La sala de ensayos era un santuario de penumbra, las paredes de ladrillo expuesto absorbiendo la luz ámbar de una lámpara de araña que colgaba sobre una mesa en desorden: papeles arrugados, copas de vino con rastros de carmín, colillas desbordando un cenicero de cristal. El aire estaba impregnado de un perfume denso —incienso, cuero, el dulzor metálico del deseo—, un aroma que se adhería a la piel como un susurro prohibido. Un escenario circular, delimitado por cortinas de terciopelo negro, aguardaba bajo un foco suave, su luz insinuando un espacio para rituales inconfesables. Frente a él, un gran espejo dominaba la pared, reflejando la escena pero ocultando, desde el otro lado, una cabina donde los observadores podían devorar sin ser vistos. O eso se creía.
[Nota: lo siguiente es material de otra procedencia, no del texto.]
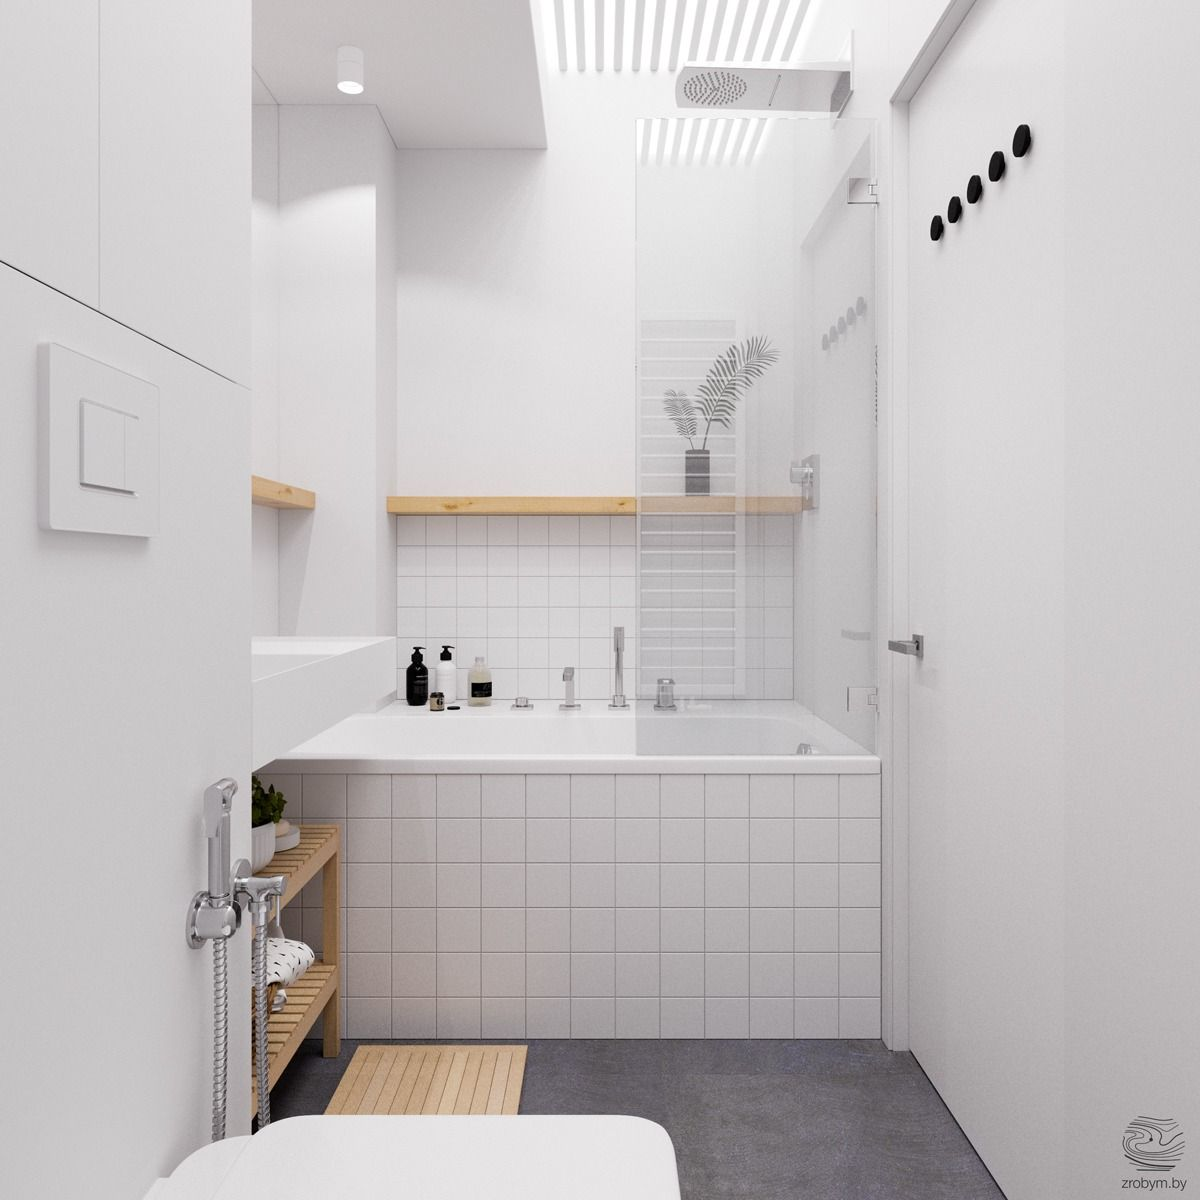 A Beautiful 3 Bedroom 2 Bath House [With Floor Plan

Lía e Ignacio llegaron puntuales, sus pasos resonando en el suelo de madera pulida. Ella, menuda, con un vestido blanco de algodón que acentuaba su fragilidad, entrelazaba los dedos, sus uñas mordidas traicionando su nerviosismo. Él, un hombre de unos cincuenta, hombros anchos, traje gris arrugado, miraba al suelo, sus manos pesadas sobre las rodillas, su rostro marcado por un cansancio que iba más allá de lo físico. La convocatoria para Sombras de Electra, una reinterpretación cruda del mito griego, buscaba una chica de 18 años que pareciera etérea para encarnar a Electra, y exigía que asistiera con su padre. La promesa de “desnudar el alma” los había atraído, y ambos habían consentido, atrapados por una curiosidad que no podían nombrar.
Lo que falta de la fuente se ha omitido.